==== Data segment ====
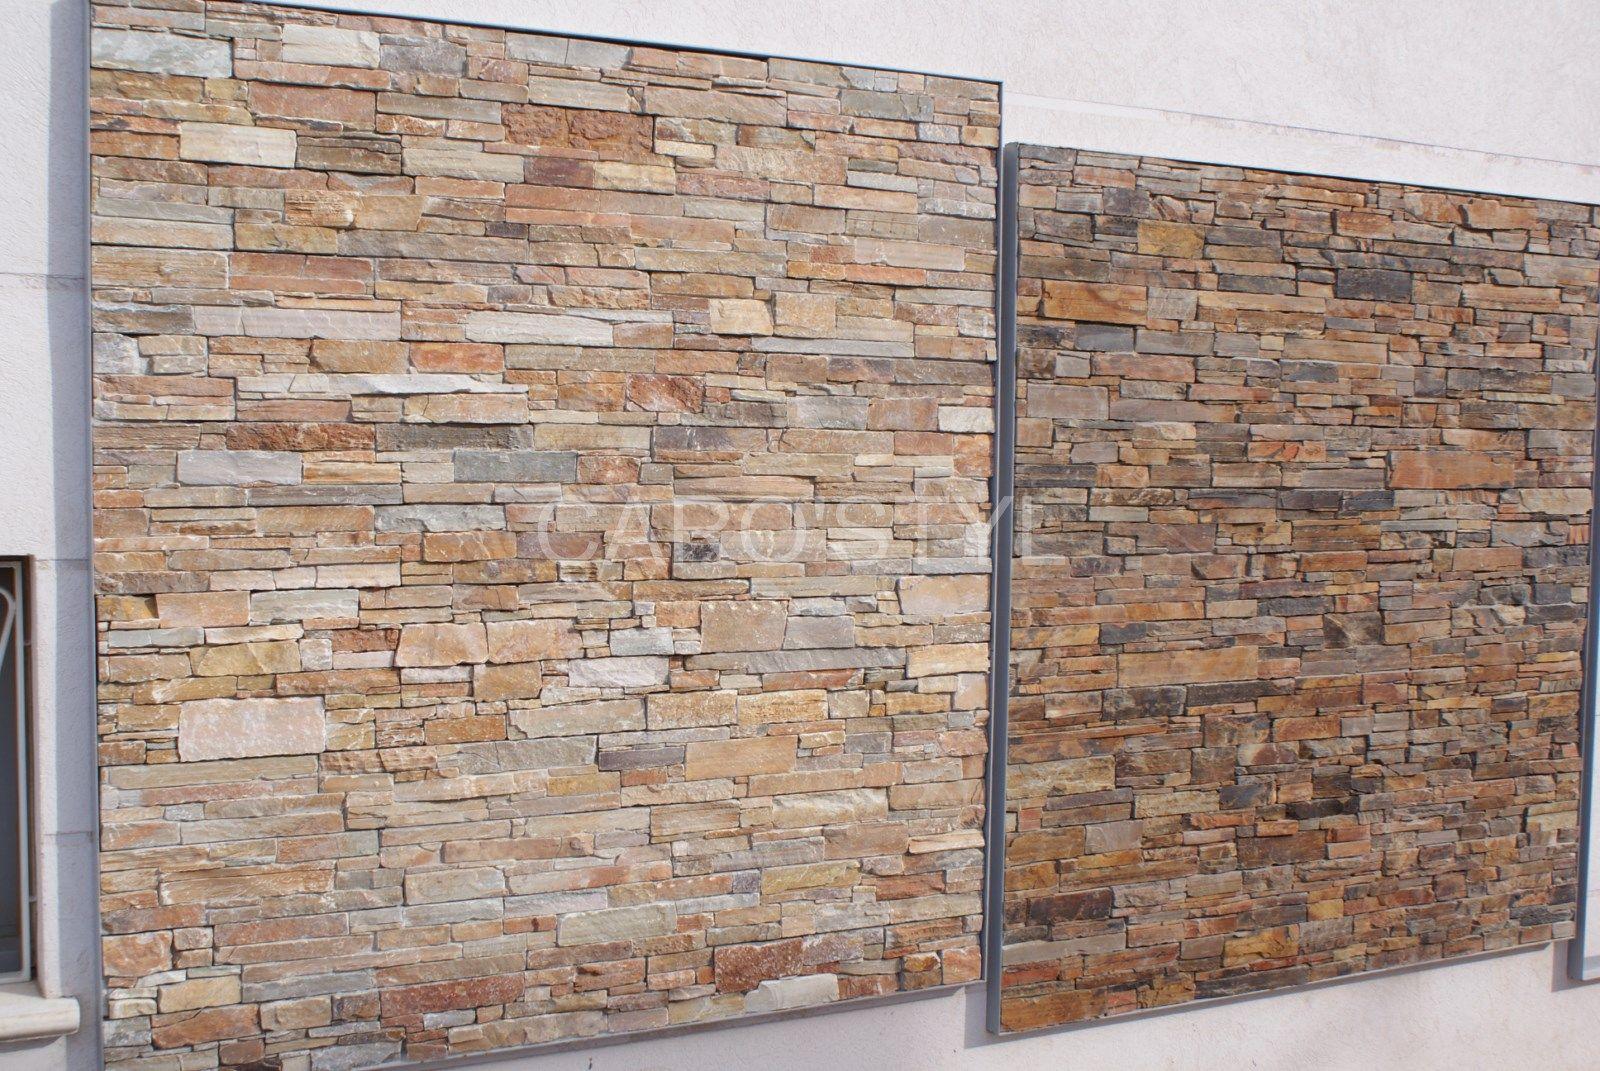 Habiller Son Mur Extérieur Ou Intérieur En Pierre Naturelle ... intérieur Carrelage Pour Mur Extérieur
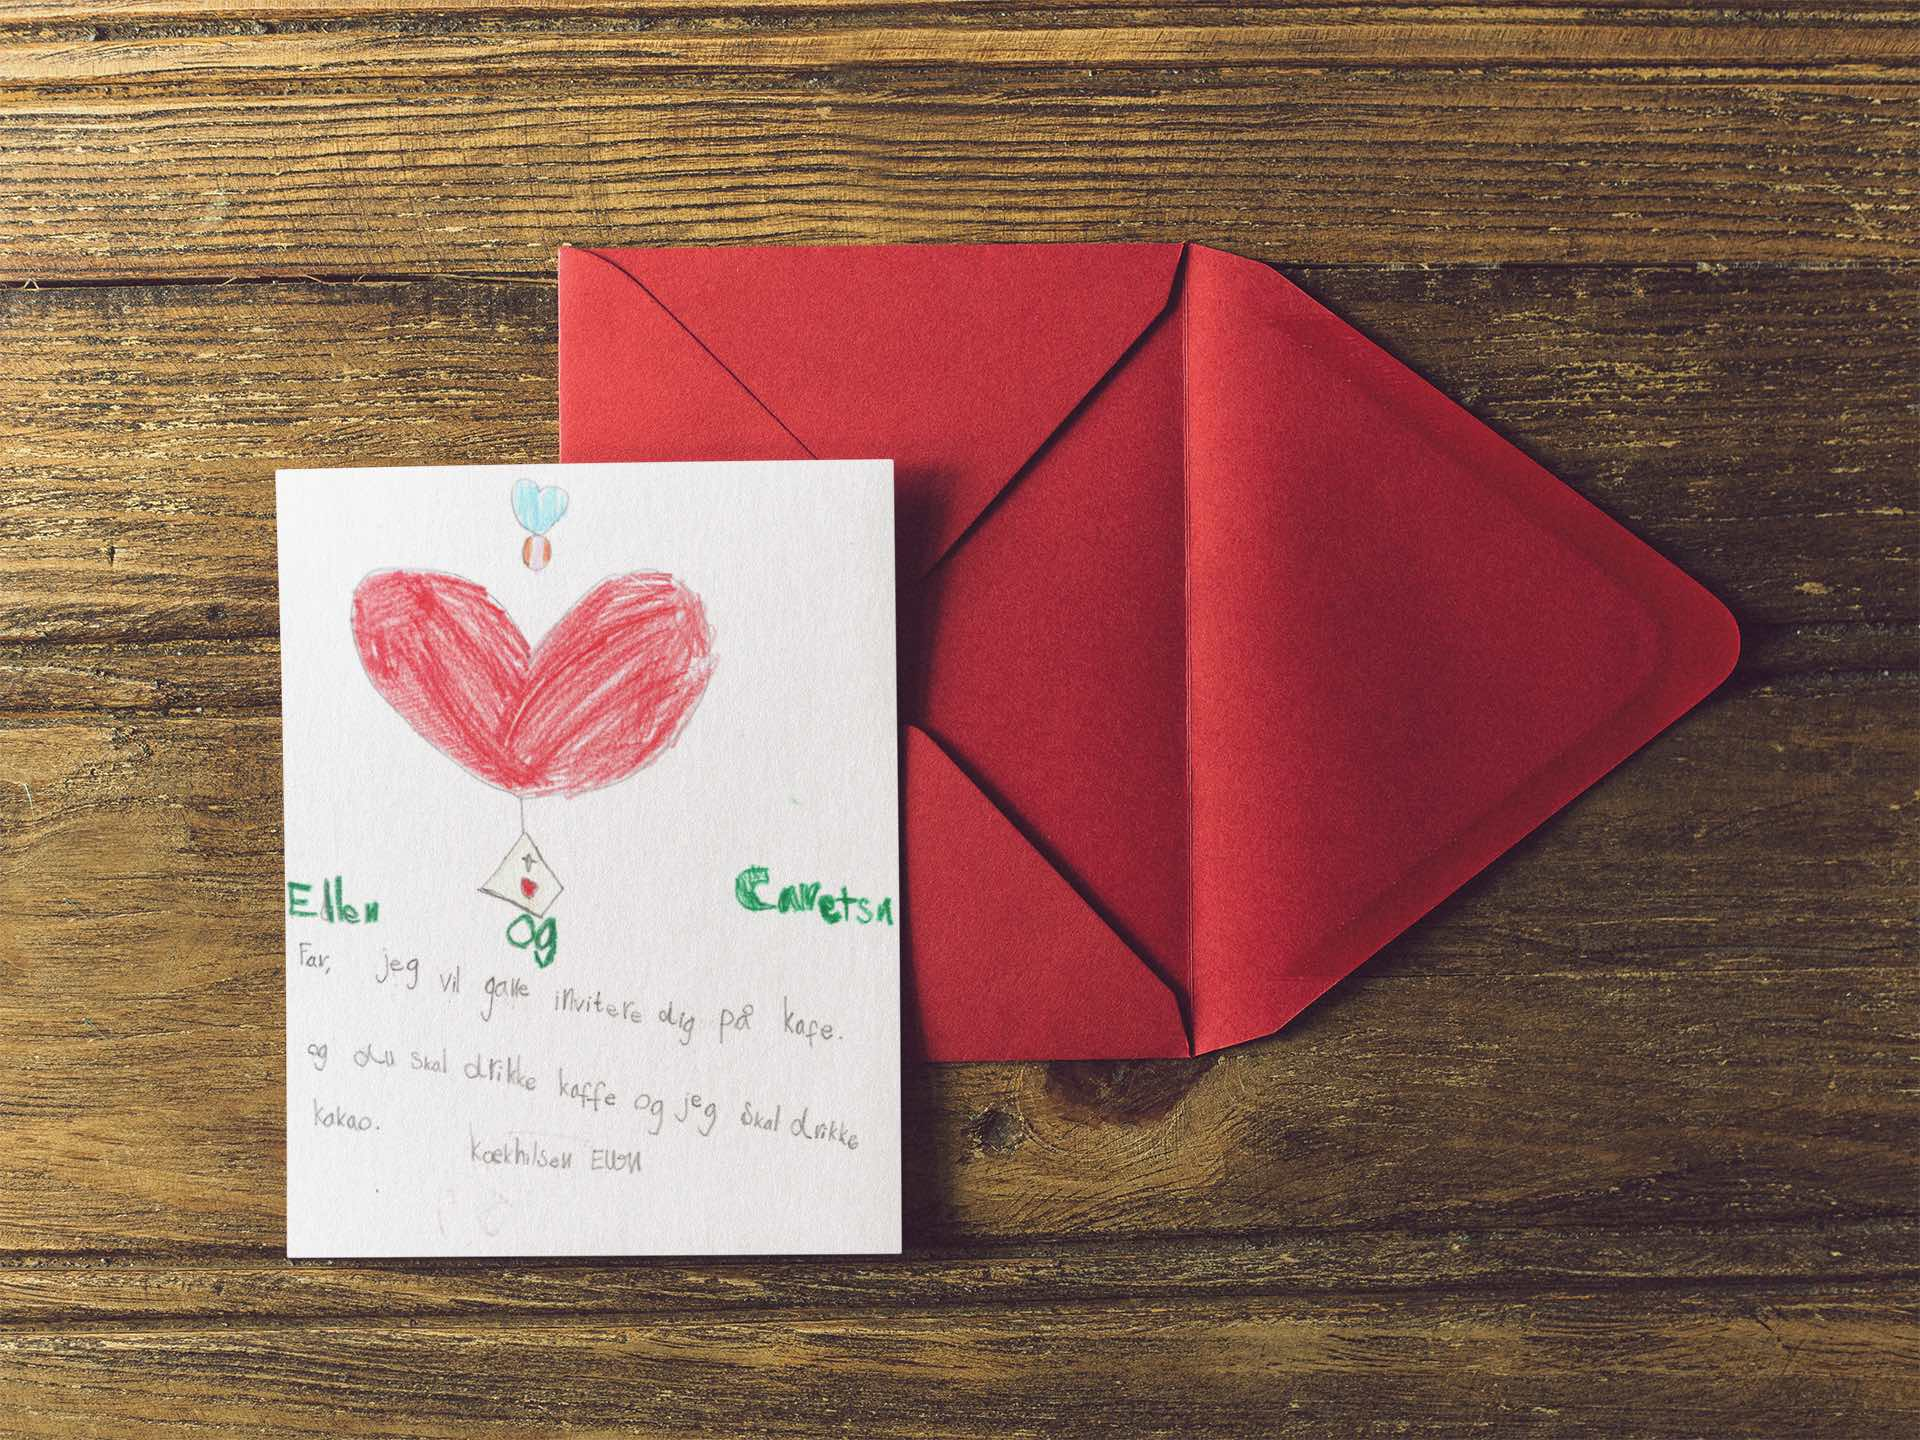 Invitationer med hjerte
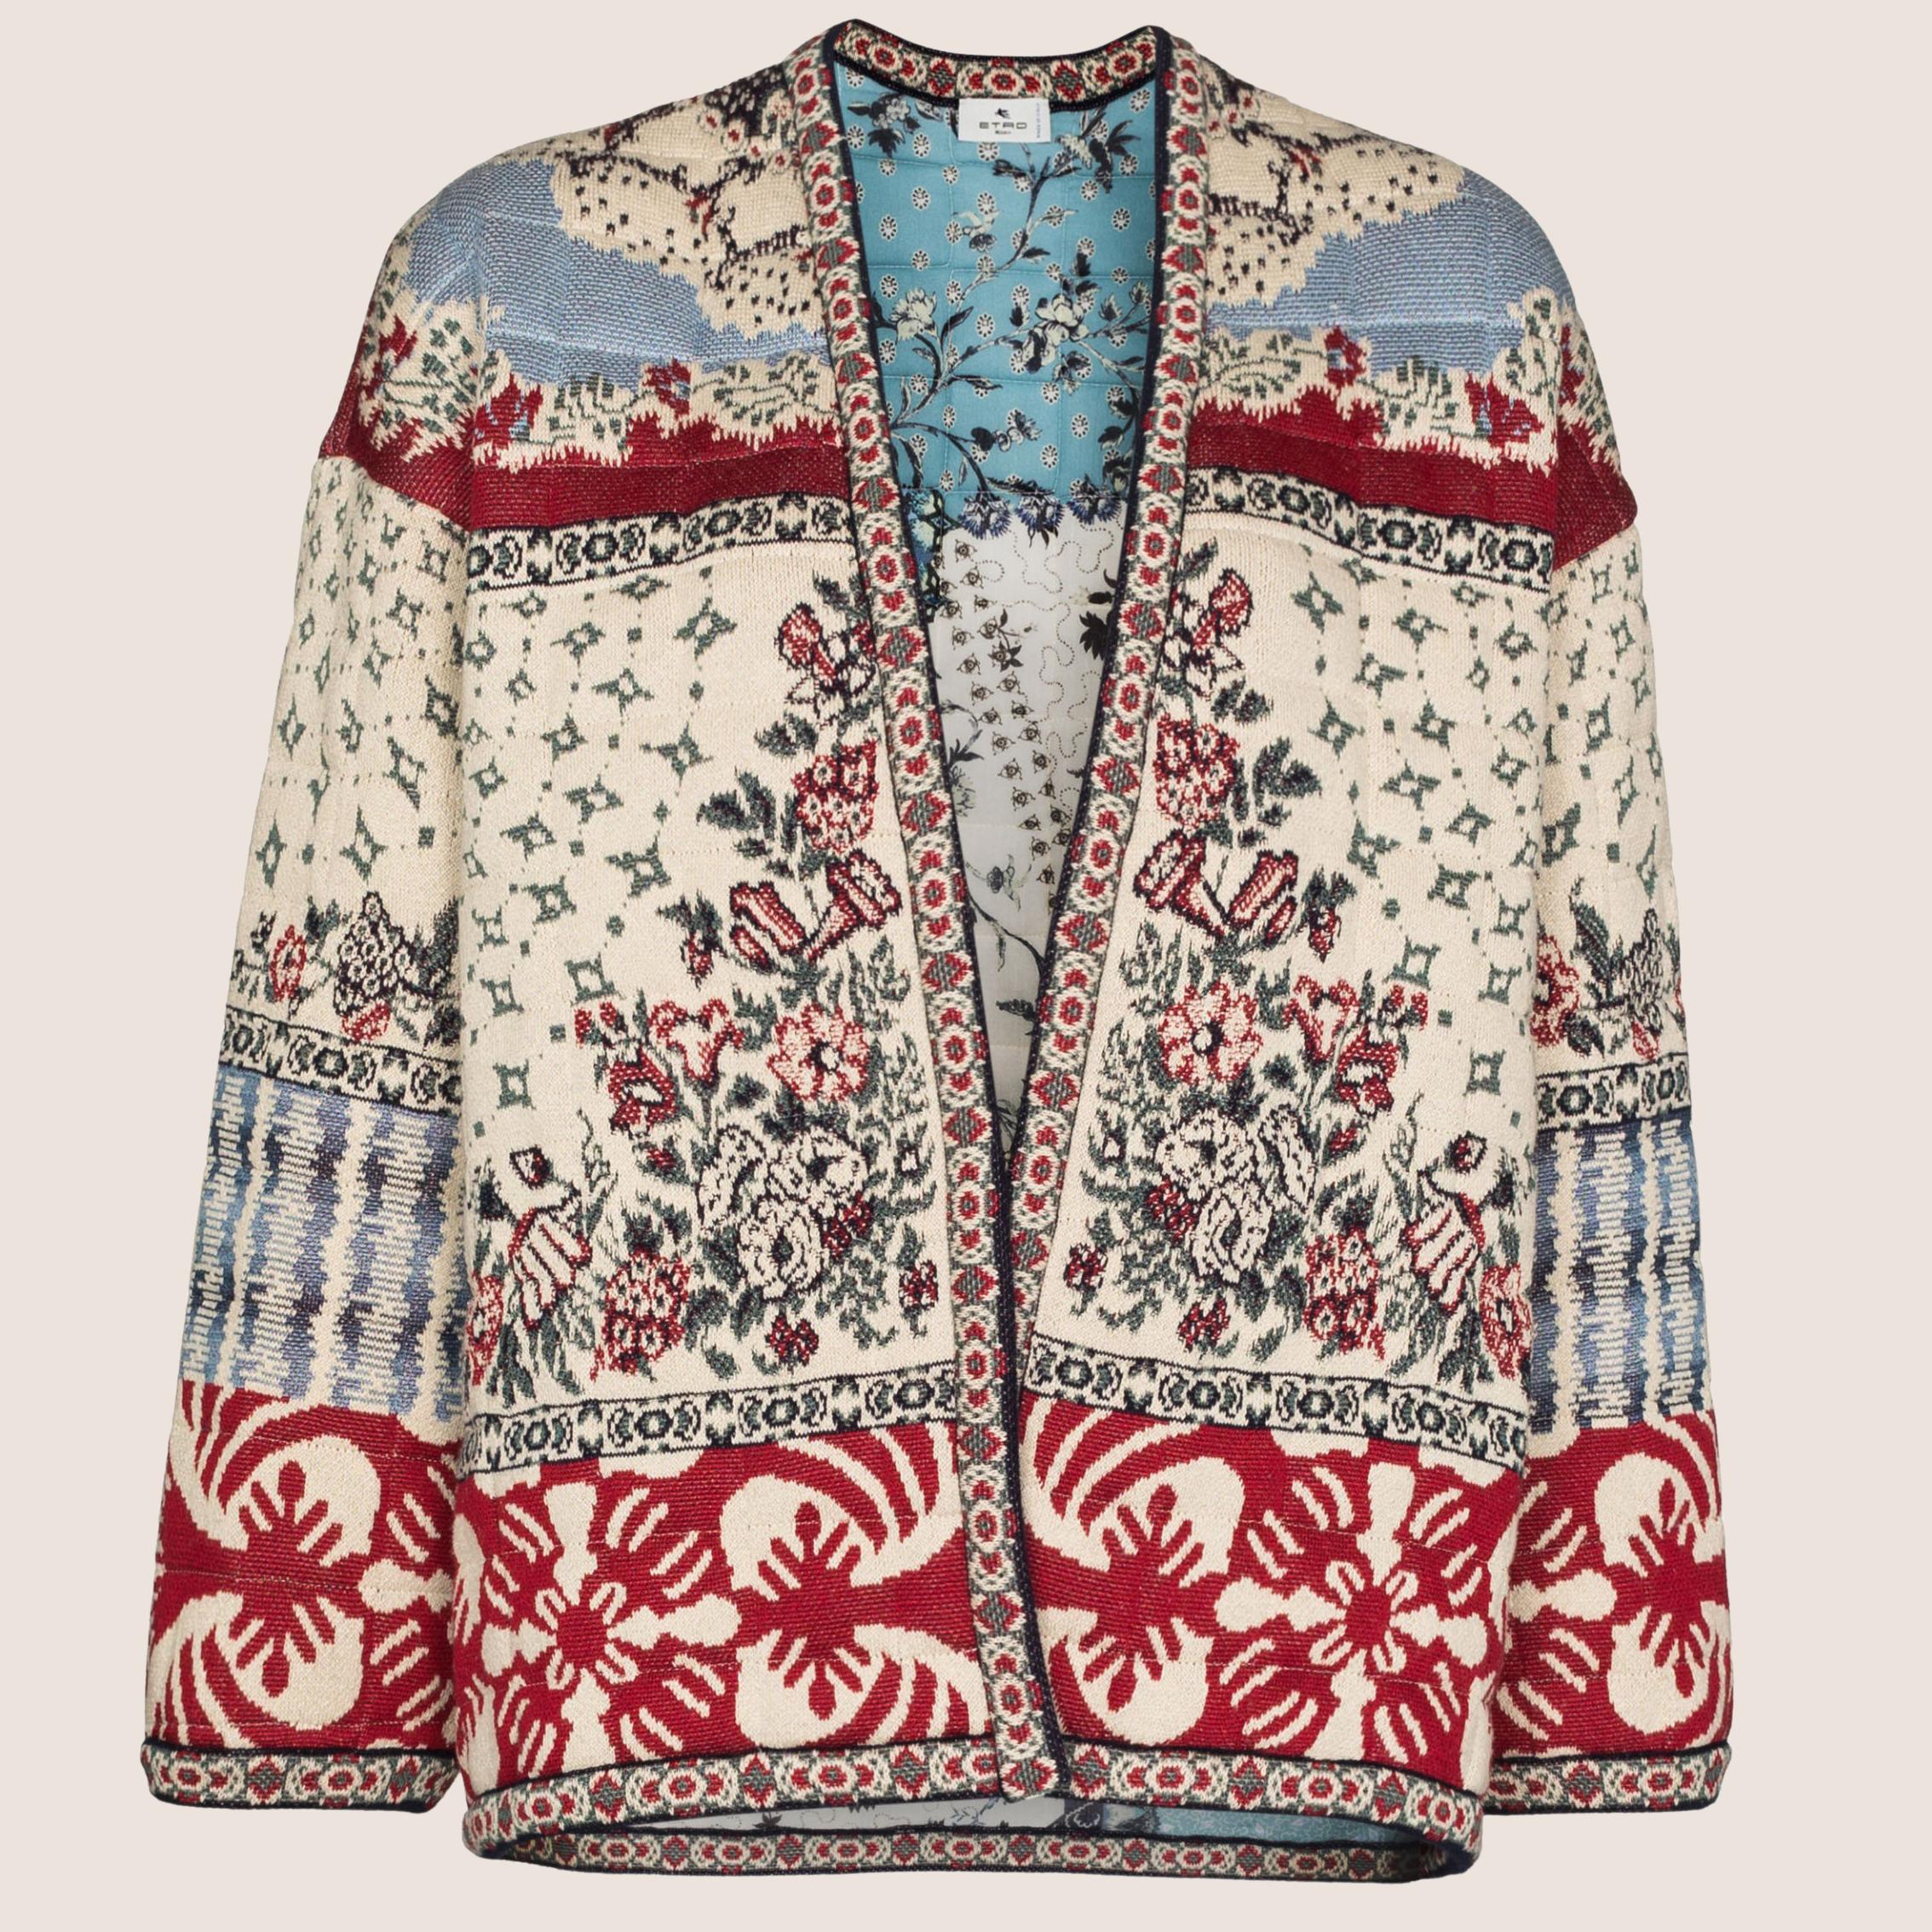 Etro -Jacket
====
## Work to complete
Exact output of each line above is wanted, without the pictures.

## Expected answer
 Habiller Son Mur Extérieur Ou Intérieur En Pierre Naturelle ... intérieur Carrelage Pour Mur Extérieur
 Invitationer med hjerte
 Etro -Jacket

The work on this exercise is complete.